Dr. Franklin Cockerill, III, the Mayo Clinic microbiologist who spearheaded the development of a new anthrax DNA test (Photo courtesy Mayo Clinic)
"The first thing people want to know in a case of suspected exposure is whether the agent was in fact anthrax," said Dr. Franklin Cockerill, III, the Mayo Clinic microbiologist who led the development team. "Until now, local labs have been able to quickly determine the presence of a bacterium, but they can't tell whether it is anthrax or not. The current process to identify the presence of anthrax may take several days. The events of the last several weeks require as rapid a response as possible."

The Mayo Clinic has been working with the federal government to make the test formula available to federal agencies that request it. Roche is working with the FDA to determine its requirements for expedited regulatory approval of the new test.

On Saturday, President Bush said he was "proud of the way our law enforcement officers, our health care and postal workers and the American people are responding" to the anthrax threat.

"There's no precedent for this type of biological attack," Bush said. "We are working to protect people based on the best information available."

Bush noted that health officials are learning more about the risks of anthrax spores as their investigation proceeds.


President Bush attempted to reassure the American people during his weekly radio address on Saturday (White House photo by Eric Draper)
"Originally, experts believed the anthrax spores could not escape from sealed envelopes," such as the anthrax laced letters sent to Senate Majority Leader Tom Daschle, NBC News anchor Tom Brokaw, and the New York Post newspaper. "We now know differently, because of cases where postal workers were exposed even though the envelopes they processed were not opened."

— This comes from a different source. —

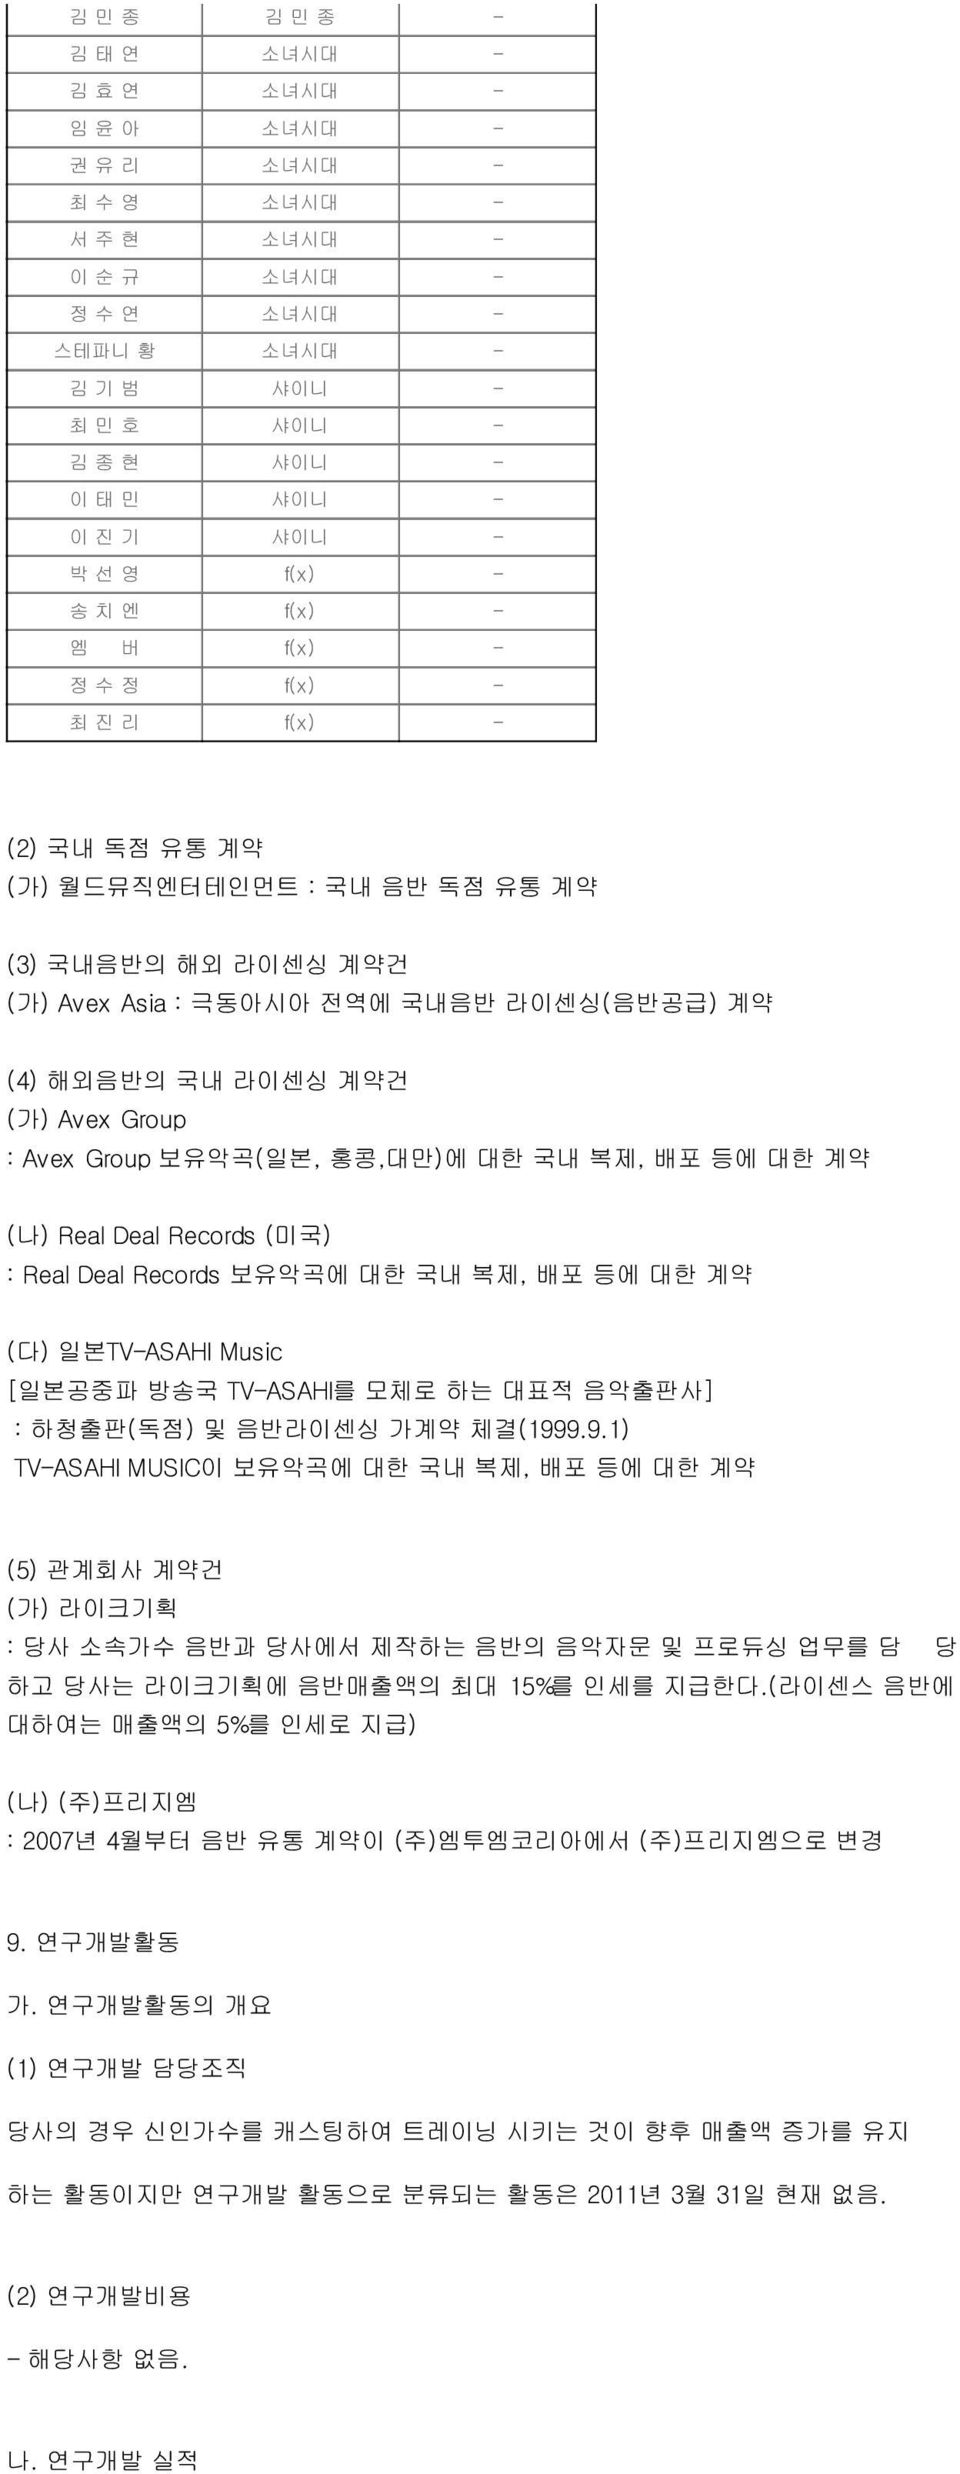 Avex Group : Avex Group 보유악곡(일본, 홍콩,대만)에 대한 국내 복제, 배포 등에 대한 계약 (나) Real Deal Records (미국) : Real Deal Records 보유악곡에 대한 국내 복제, 배포 등에 대한 계약 (다) 일본TV-ASAHI Music [일본공중파 방송국 TV-ASAHI를 모체로 하는 대표적 음악출판사] :

The two Brentwood postal workers who died of anthrax were apparently exposed to spores that leaked from the letter sent to Senator Daschle, despite the fact that the letter appeared tightly sealed. Several people who have developed the skin form of anthrax were also apparently exposed to anthrax spores on the external surfaces of mail.

Fears about anthrax tainted mail have shut down mailrooms throughout the Food and Drug Administration building, and other government offices are taking precautions to prevent the potential exposure of mailroom workers. Hundreds of postal workers employed at federal facilities in the nation's capitol are severely mentally or physically disabled, due to special hiring practices that favor disabled persons.

Some of these workers are now being assigned new security responsibilities, and others are being taken off assignments that carry special risks, such as researching the proper destinations for poorly addressed pieces of mail.

Special mail services that benefit military service people have also been disrupted. Military postal officials have reluctantly ended the "Operation Dear Abby" and "Any Service Member" postal programs, which allow supportive letters and care packages to be addressed to anonymous service members stationed overseas.

"Both of these programs create an avenue to introduce mail into the system from unknown sources," said a notice from the Military Postal Service Agency. "The recent mail related attacks have demonstrated the vulnerability of the postal system."